В терему жарковато даже стало, потому что от ярого того накала жара и сквозь защиту мал-помалу проникала.
   Трижды черти подряд стреляли и все три раза купол полевой поджигали, но едва лишь они остановилися и на плоды своих ратных трудов подивилися, как врубили наши по ним изо всех стволов, и не досчиталися хваты аж полдюжины бедовых голов.
   Так и продолжалася эта перестрелка около примерно часа, и не было чертям от метких выстрелов защитников никакого спасу, хотя они, гады, и прятались, и залегали, и с места на место шустро перебегали, да в придачу к тому с неба ещё палили, и даже с воды. Да нашим-то от того мало было беды: спасал их надёжной защиты невидимый щит, который не плавится и не трещит.

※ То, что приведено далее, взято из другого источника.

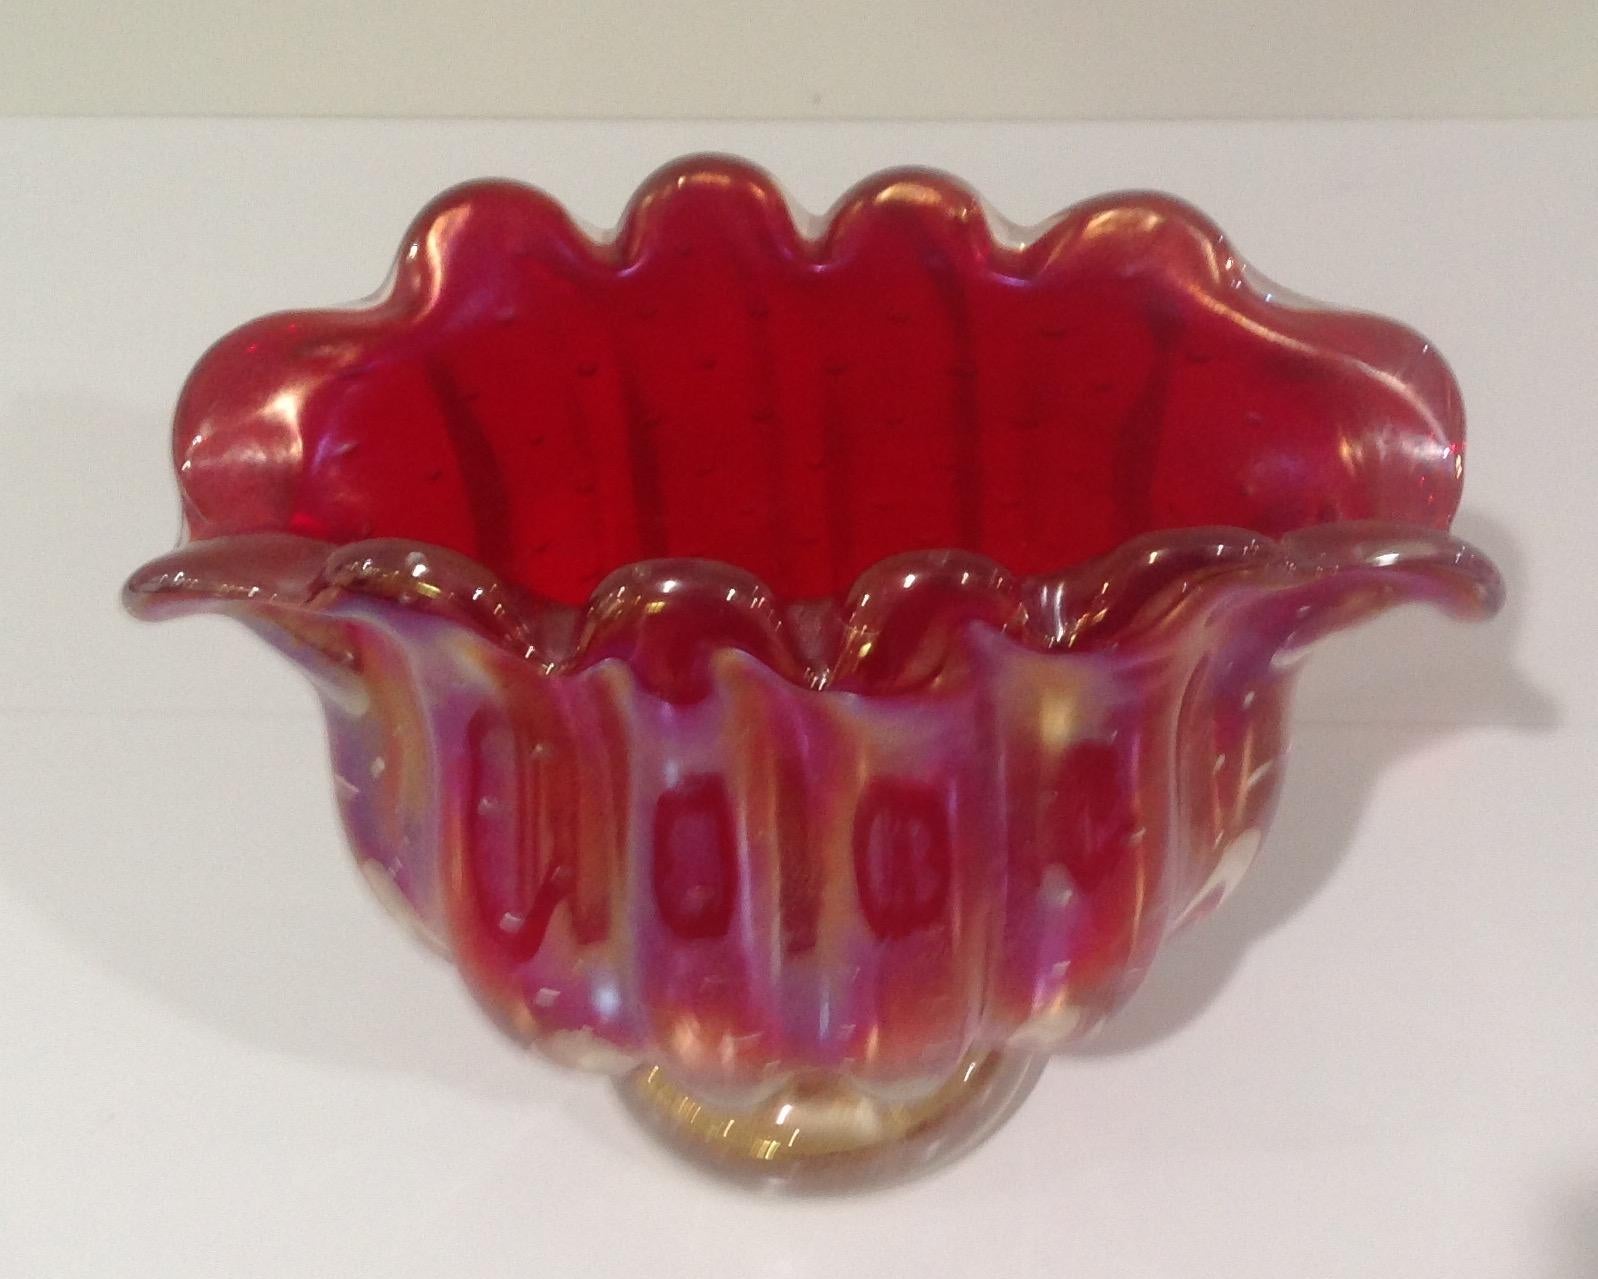 Brilliant red and gold footed Murano irredescent glass vase, circa 1950s.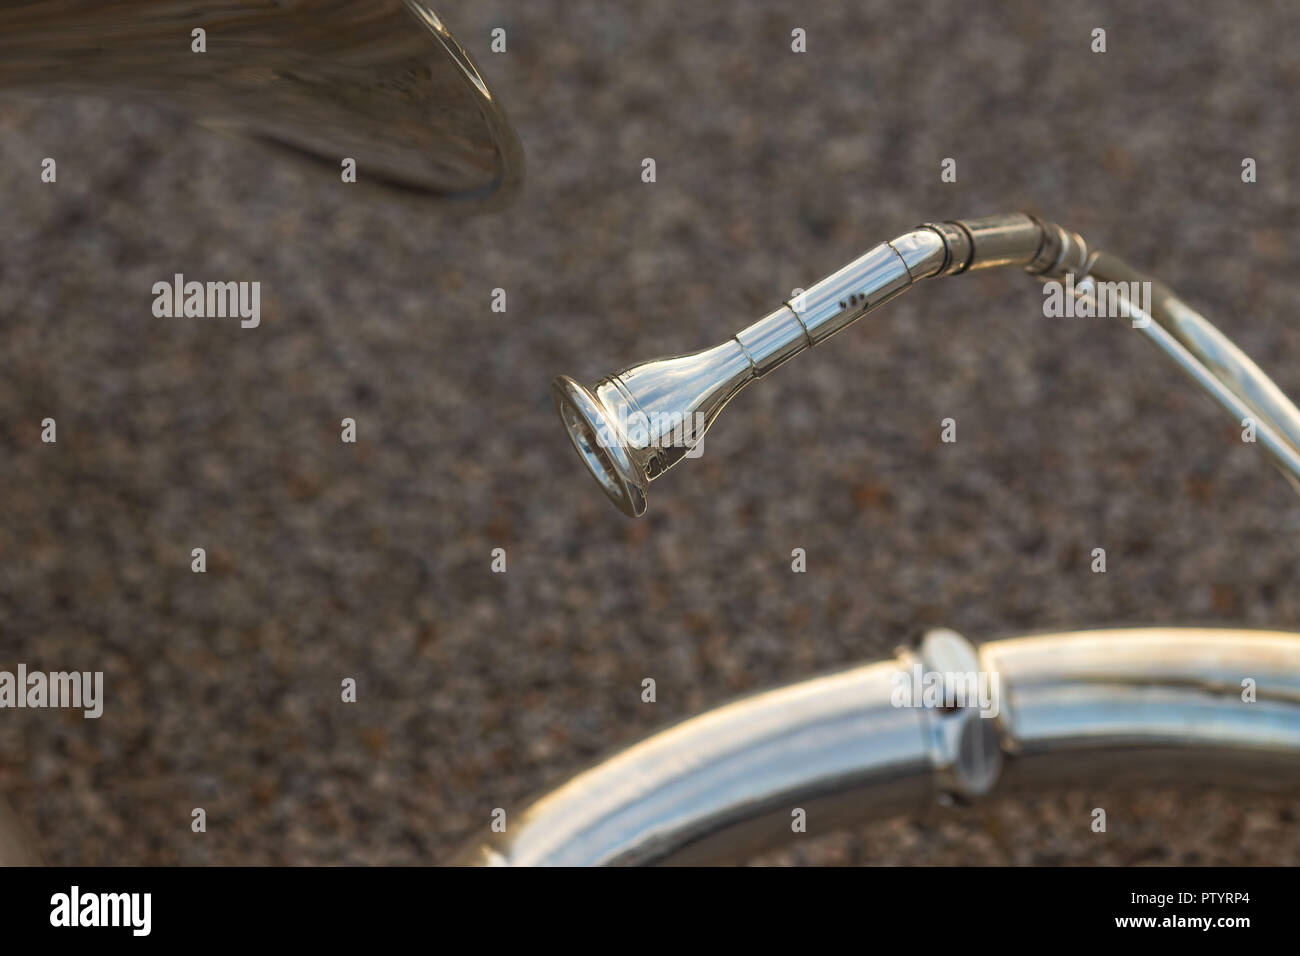 a close up of the mouthpiece of a sousaphone resting on the ground during a marching band rehearsal Stock Photo

Правда, с каждым разом всё ближе и ближе к дому он сжимался, как бы от жару ярого всё же таял.
   – Жаль! – глядя на это упущение, воскликнул Бравыр с сожалением. – Силоёмкости явно не хватает… Ещё часа полтора, и пиши пропало... Как там Яван – ещё не оклемался?
   – Нет, – был ему лешачий ответ.
   – Послушай, Бравыр, – потный и красный бывший Морозила к чёрту бывшему тут обратился, – вот ты мне объясни-ка...
   – Ну, чё тебе? – используя передышку малую, обернулся к нему атаман.
   – А вот не пойму я никак, чего вы смерти так боитесь, коли после гибели в новую оболочку душа ваша может облачиться? Казалось бы – нападай на нас бесстрашно, – и всем нам хана! А?..
   – Хм! – ухмыльнулся криво вояка. – Бесстрашно... Если бы так! Ха! Нету у чертей бесстрашия перед смертью, потому что, потеряв тело, некоторые из нас пропадают, а куда – невесть... Такой слух ходит, что прямиком в душемолку, а то и ещё куда похуже. Угу...
   – Ах вон оно как! – покачал головой бывший падишах. – Ну, тогда ясно. Значит, есть всё же божья кара...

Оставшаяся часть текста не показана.